The 2012 Cup of China was the third event of six in the 2012–13 ISU Grand Prix of Figure Skating, a senior-level international invitational competition series. It was held at the Shanghai Oriental Sports Center in Shanghai on November 2–4. Medals were awarded in the disciplines of men's singles, ladies' singles, pair skating, and ice dancing. Skaters earned points toward qualifying for the 2012–13 Grand Prix Final.

==Eligibility==
Skaters who reached the age of 14 by July 1, 2012 were eligible to compete on the senior Grand Prix circuit.

Prior to competing in a Grand Prix event, skaters were required to have earned the following scores (3/5 of the top scores at the 2012 World Championships):

| Discipline | Minimum |
|---|---|
| Men | 159.66 |
| Ladies | 113.43 |
| Pairs | 120.90 |
| Ice dancing | 109.59 |

==Entries==
The entries were as follows.

| Country | Men | Ladies | Pairs | Ice dancing |
|---|---|---|---|---|
| Canada | Kevin Reynolds | Amélie Lacoste | Kirsten Moore-Towers / Dylan Moscovitch | Kaitlyn Weaver / Andrew Poje |
| China | Guan Jinlin Song Nan Wang Yi | Li Zijun Geng Bingwa Zhang Ying | Pang Qing / Tong Jian Peng Cheng / Zhang Hao Wang Wenting / Zhang Yan | Huang Xintong / Zheng Xun Yu Xiaoyang / Wang Chen |
| Finland |  | Kiira Korpi |  |  |
| France | Brian Joubert |  |  | Nathalie Péchalat / Fabian Bourzat |
| Italy |  |  |  | Charlène Guignard / Marco Fabbri |
| Japan | Tatsuki Machida Daisuke Takahashi | Mao Asada |  |  |
| Russia | Sergei Voronov | Yulia Lipnitskaya Sofia Biryukova | Yuko Kavaguti / Alexander Smirnov Ksenia Stolbova / Fedor Klimov | Ekaterina Bobrova / Dmitri Soloviev Victoria Sinitsina / Ruslan Zhiganshin |
| Sweden |  | Joshi Helgesson |  |  |
| United States | Adam Rippon | Mirai Nagasu |  | Madison Chock / Evan Bates |

==Overview==
Carolina Kostner withdrew from the ladies' event due to insufficient fitness.

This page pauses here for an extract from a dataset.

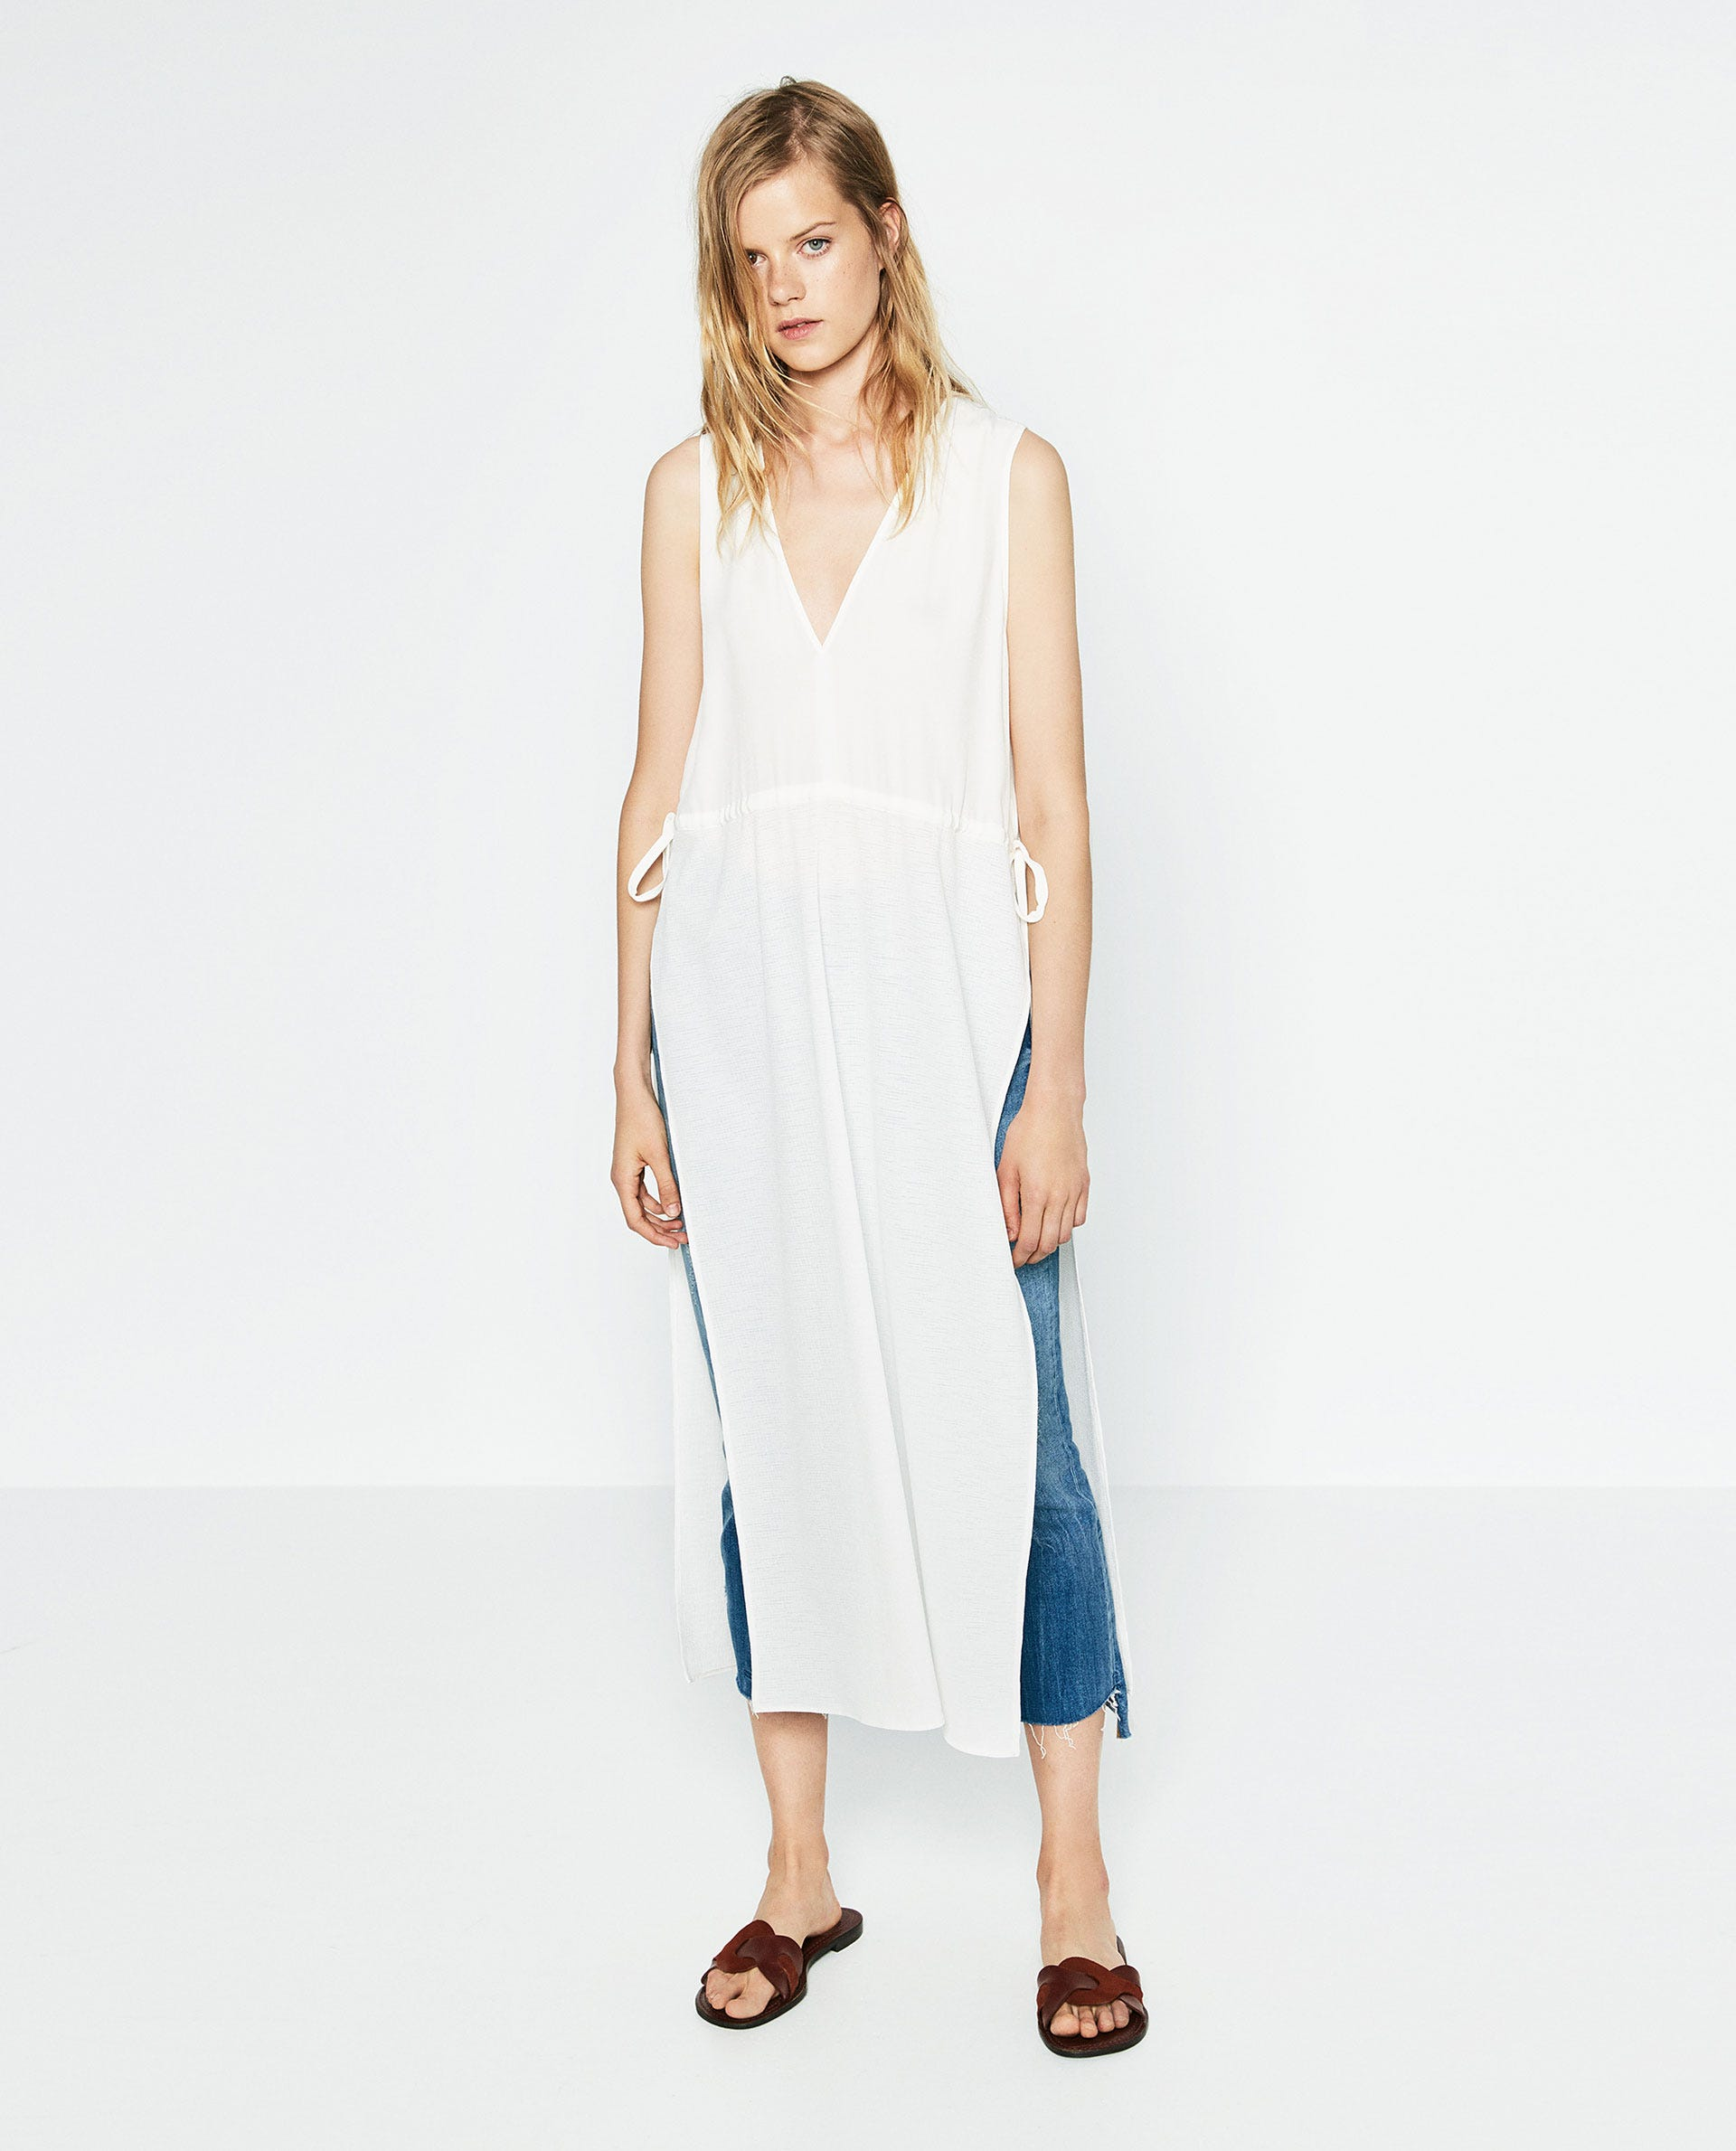 3842e138e12 Zara Spring New Arrivals Dresses Sandals Accessories

Due to the 2012 China anti-Japanese demonstrations, the Japan Skating Federation said it would withdraw its competitors if the organizers did not provide security guarantees. Japan's pair Narumi Takahashi / Mervin Tran withdrew in order to undergo surgery. Satisfied with the security situation, the other Japanese skaters traveled to the event.

Although eight spots were available in the pairs event, only six teams competed due to withdrawals before the start of the competition. China's home team of Pang Qing / Tong Jian won the short program, followed by Russia's Yuko Kavaguti / Alexander Smirnov and Canada's Kirsten Moore-Towers / Dylan Moscovitch. In the free skate, Pang / Tong maintained their lead to win gold while Kavaguti / Smirnov took the silver and fellow Russian pair Ksenia Stolbova / Fedor Klimov rose from fifth to win the bronze, their first senior Grand Prix medal.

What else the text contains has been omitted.